> ABOUT THIS TASK
Find "Umbro White Club Short-Sleeved Jersey" below and begin at its line; stop after the line with "and Coffee Table Set - PadioLiving". Output those lines exactly, without pictures.

START RECORD EXTRACTS

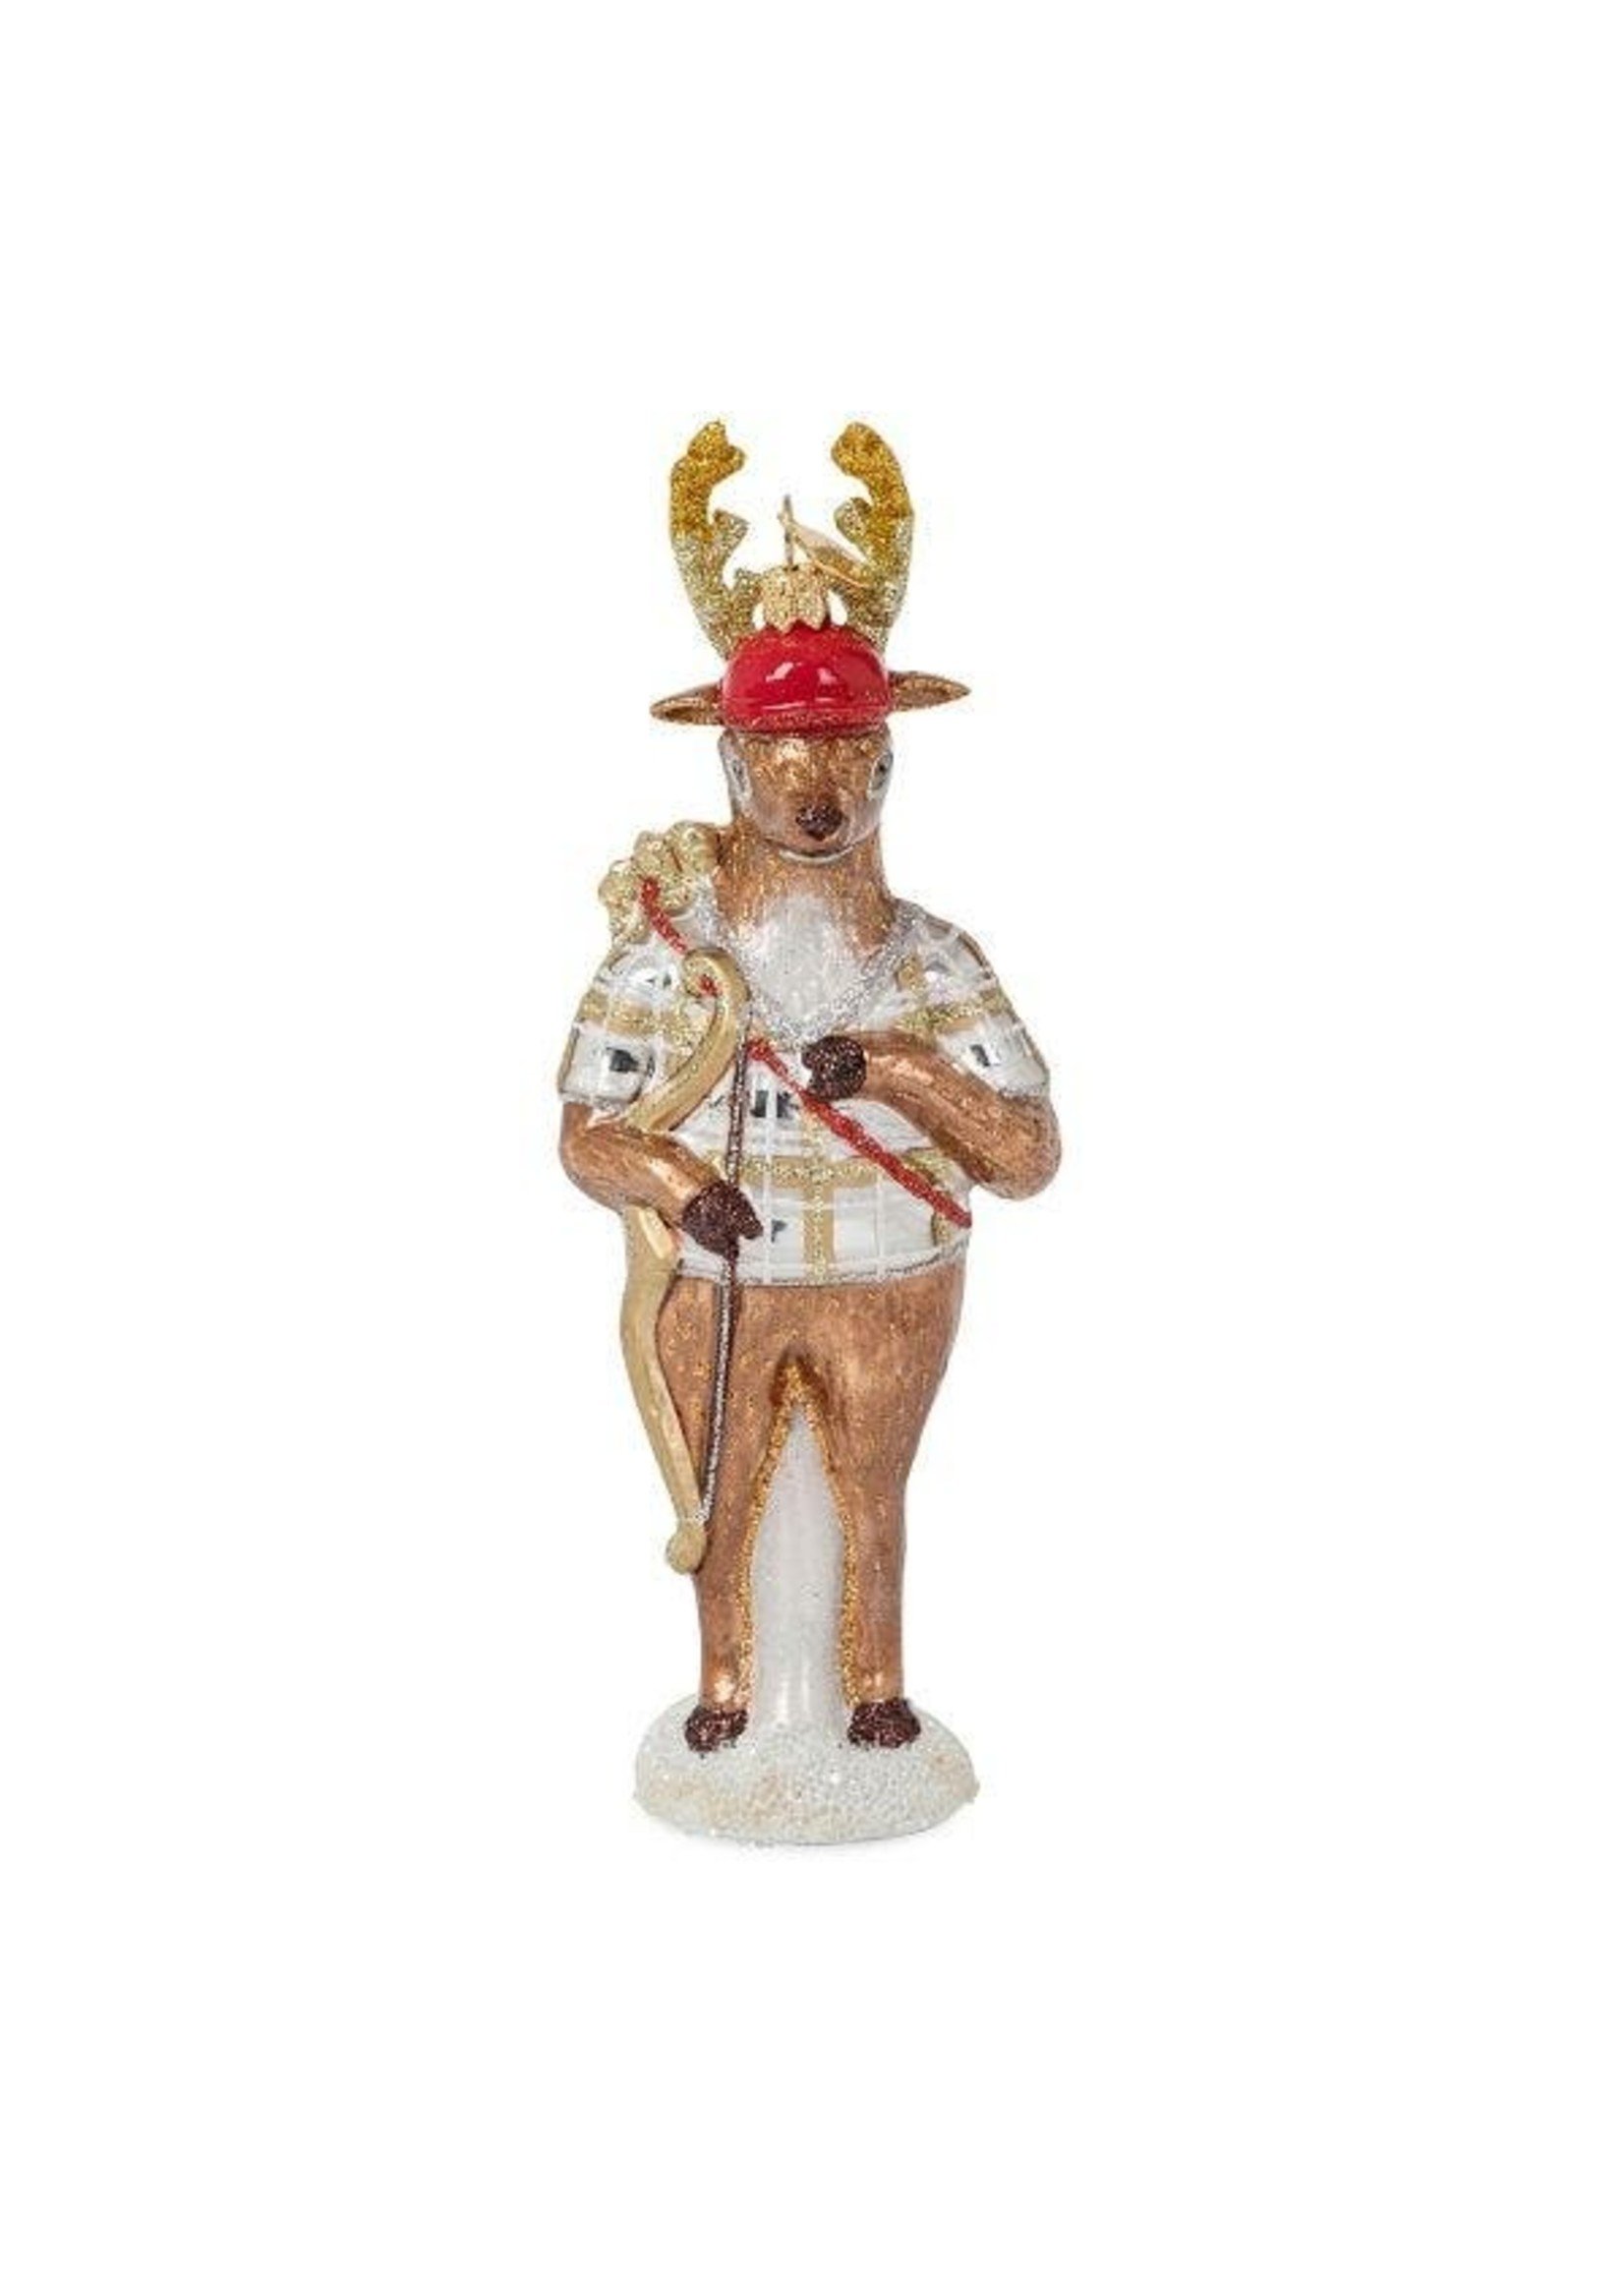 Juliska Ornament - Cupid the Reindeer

END RECORD EXTRACTS
START RECORD EXTRACTS

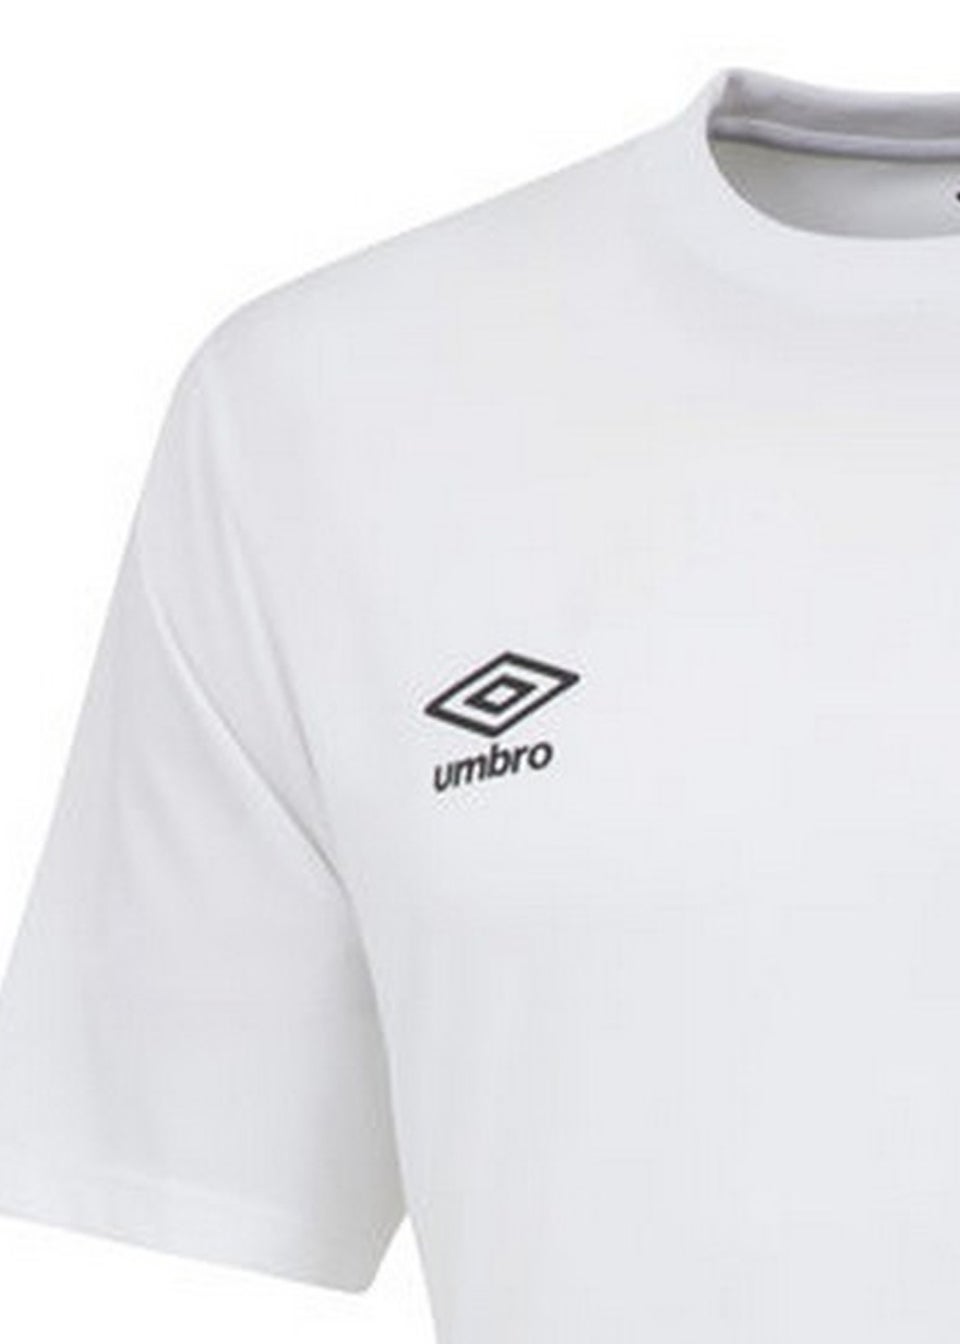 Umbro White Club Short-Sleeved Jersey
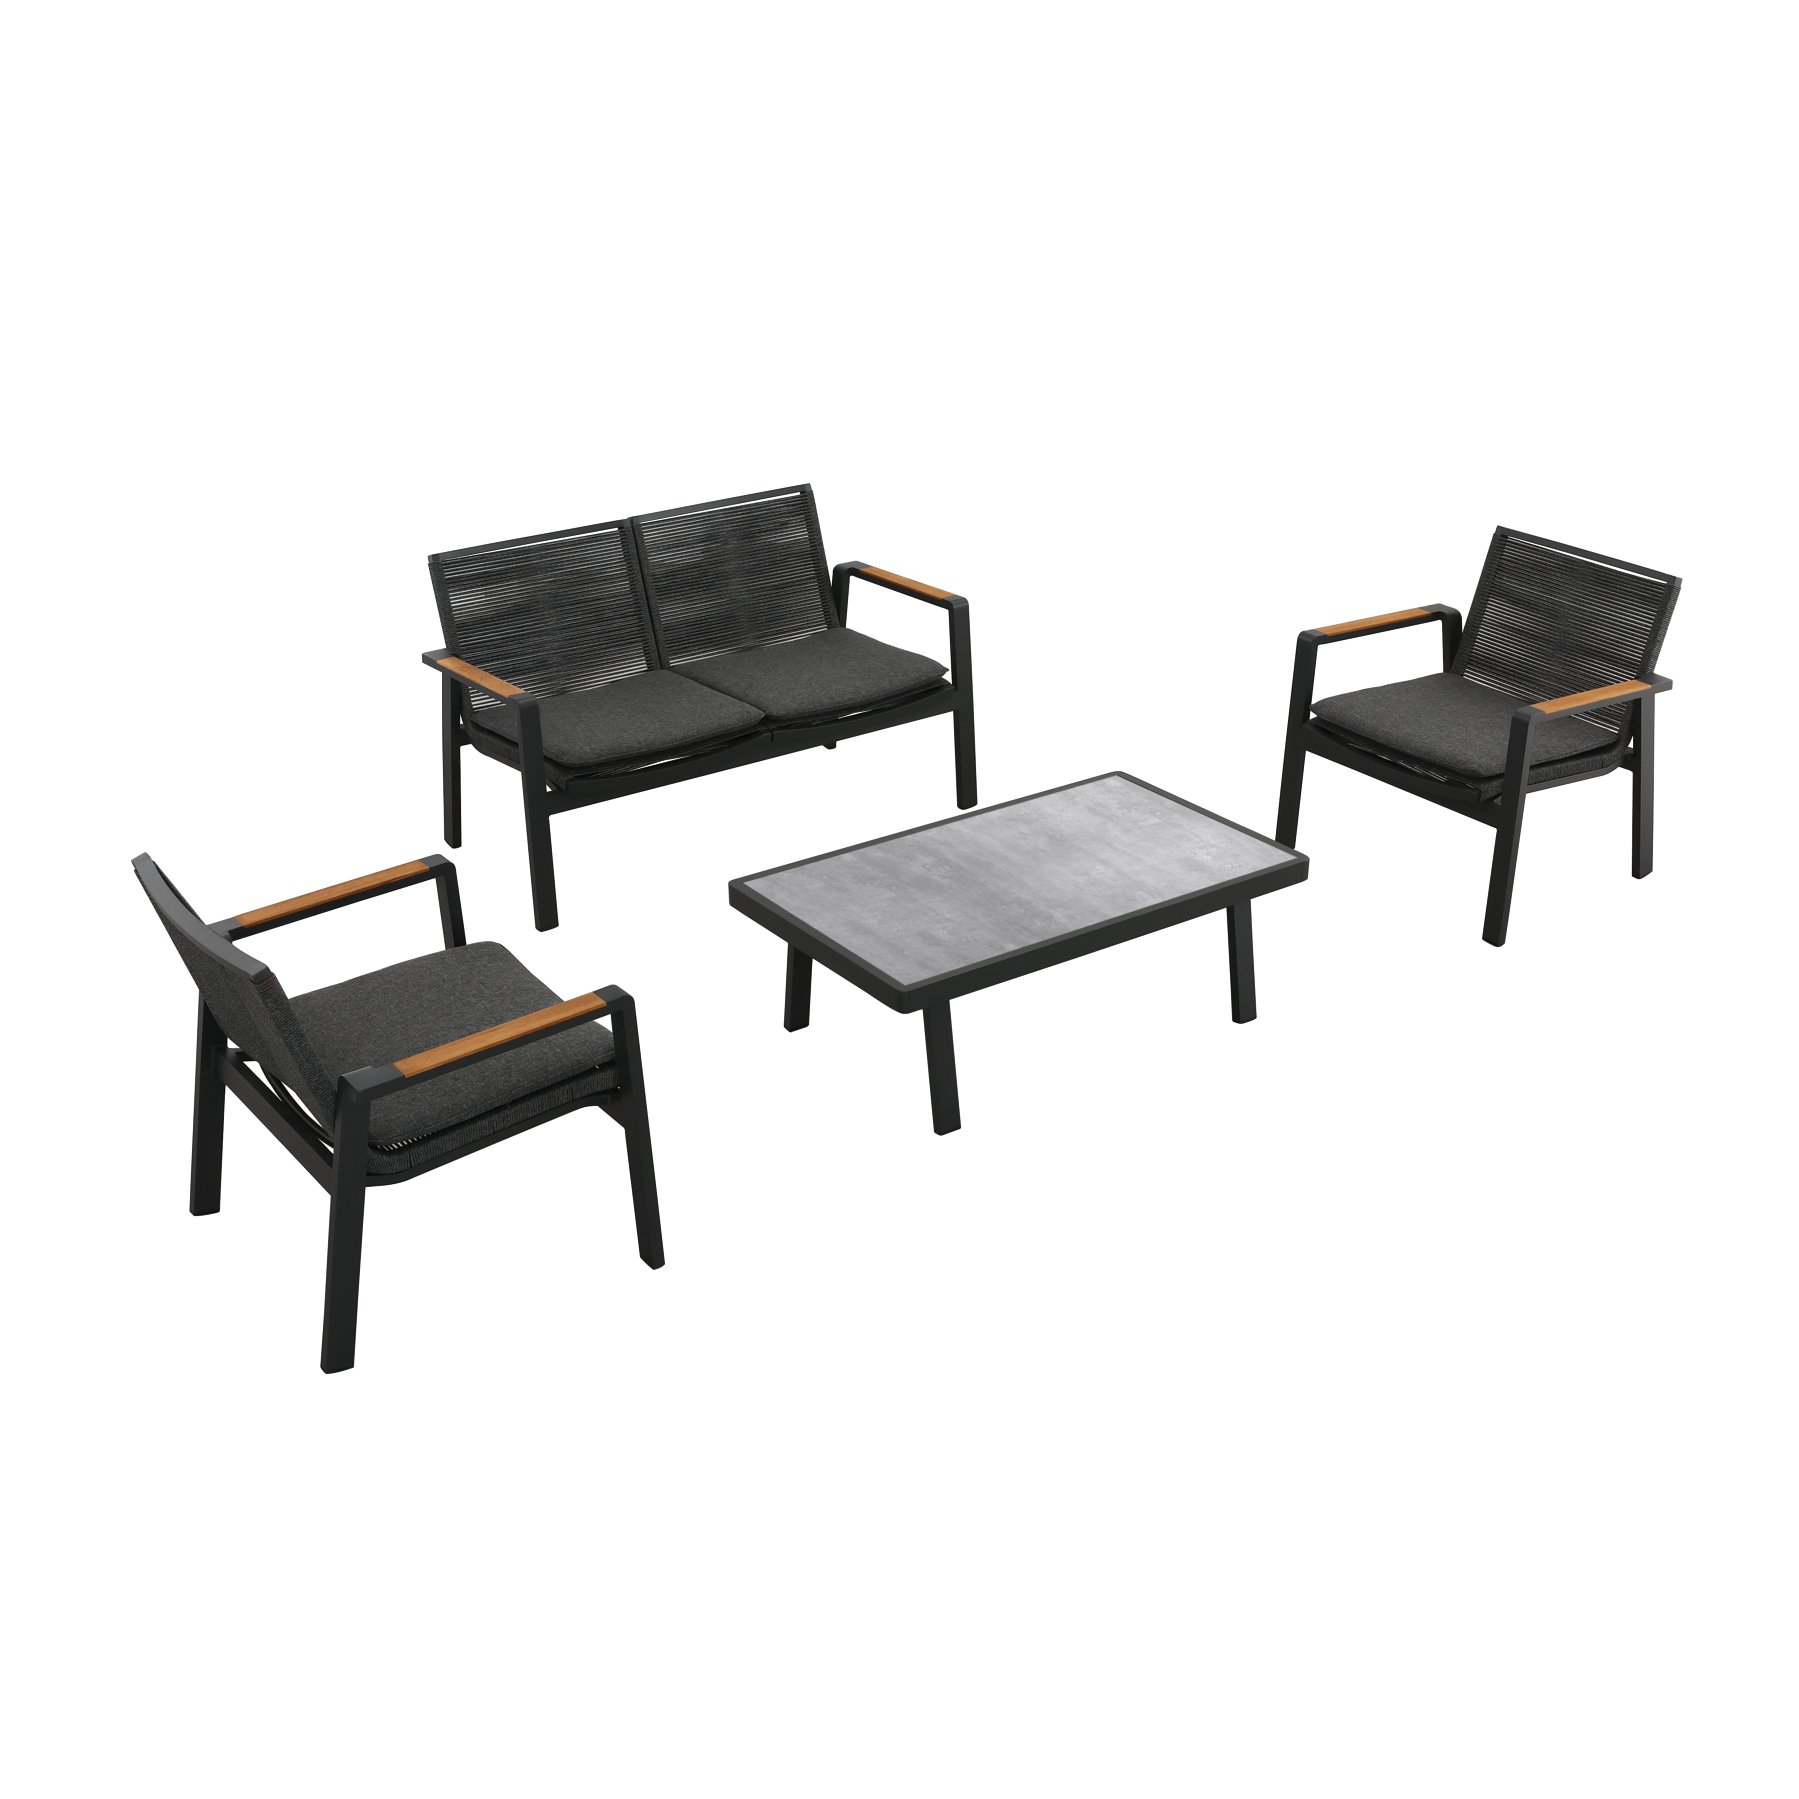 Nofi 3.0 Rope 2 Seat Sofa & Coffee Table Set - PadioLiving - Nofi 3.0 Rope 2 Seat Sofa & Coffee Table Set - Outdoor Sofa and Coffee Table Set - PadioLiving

END RECORD EXTRACTS
START RECORD EXTRACTS

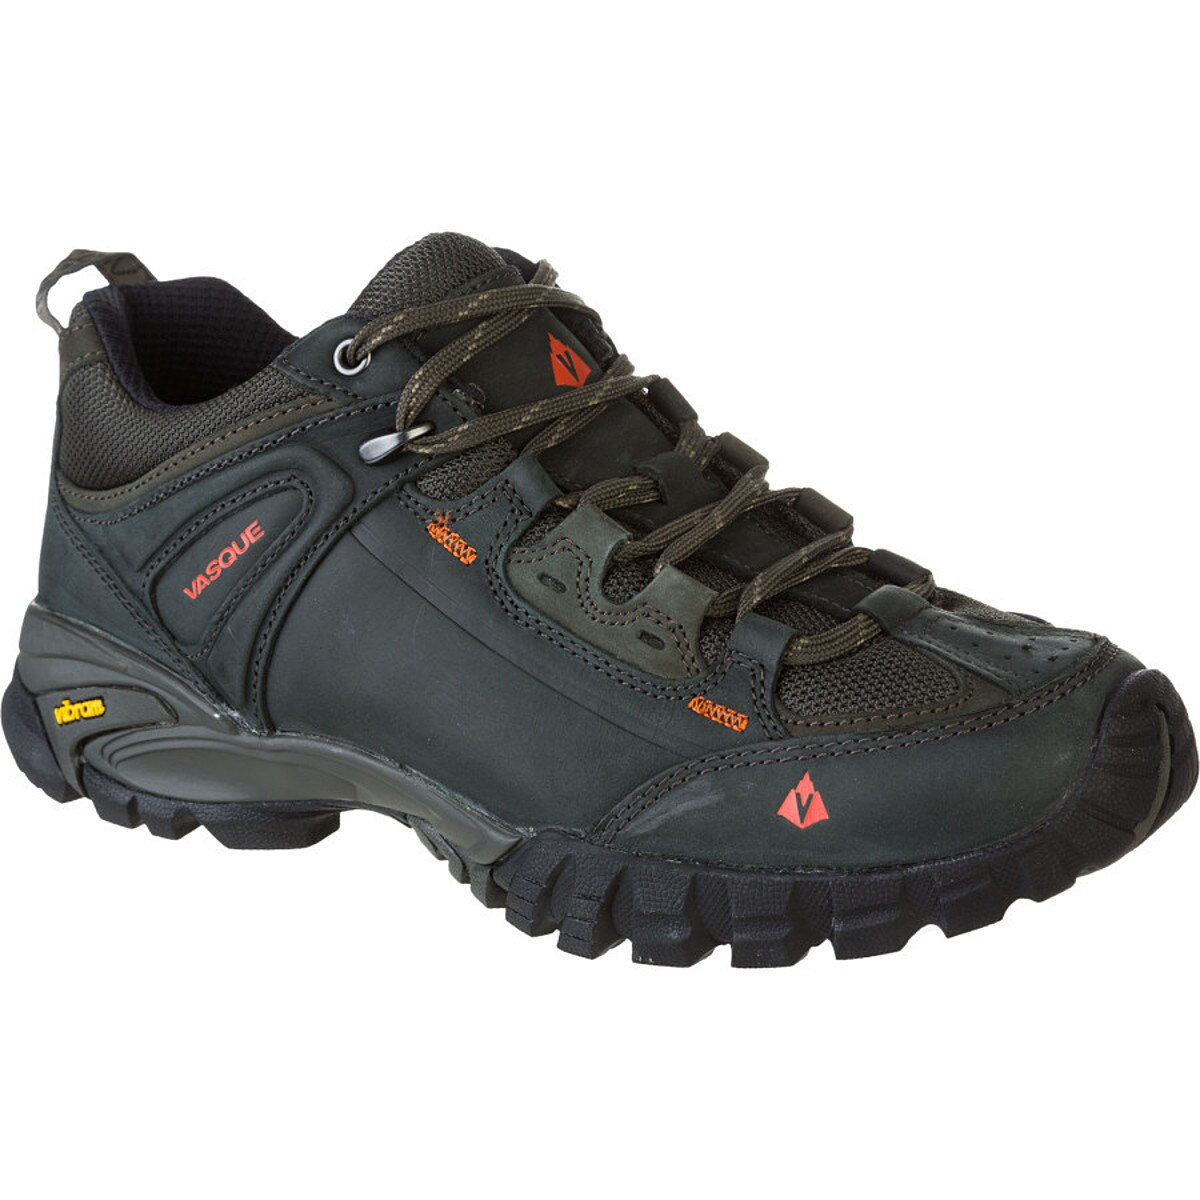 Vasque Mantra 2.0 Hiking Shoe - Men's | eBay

END RECORD EXTRACTS

> WRITTEN ANSWER
 Umbro White Club Short-Sleeved Jersey
 Nofi 3.0 Rope 2 Seat Sofa & Coffee Table Set - PadioLiving - Nofi 3.0 Rope 2 Seat Sofa & Coffee Table Set - Outdoor Sofa and Coffee Table Set - PadioLiving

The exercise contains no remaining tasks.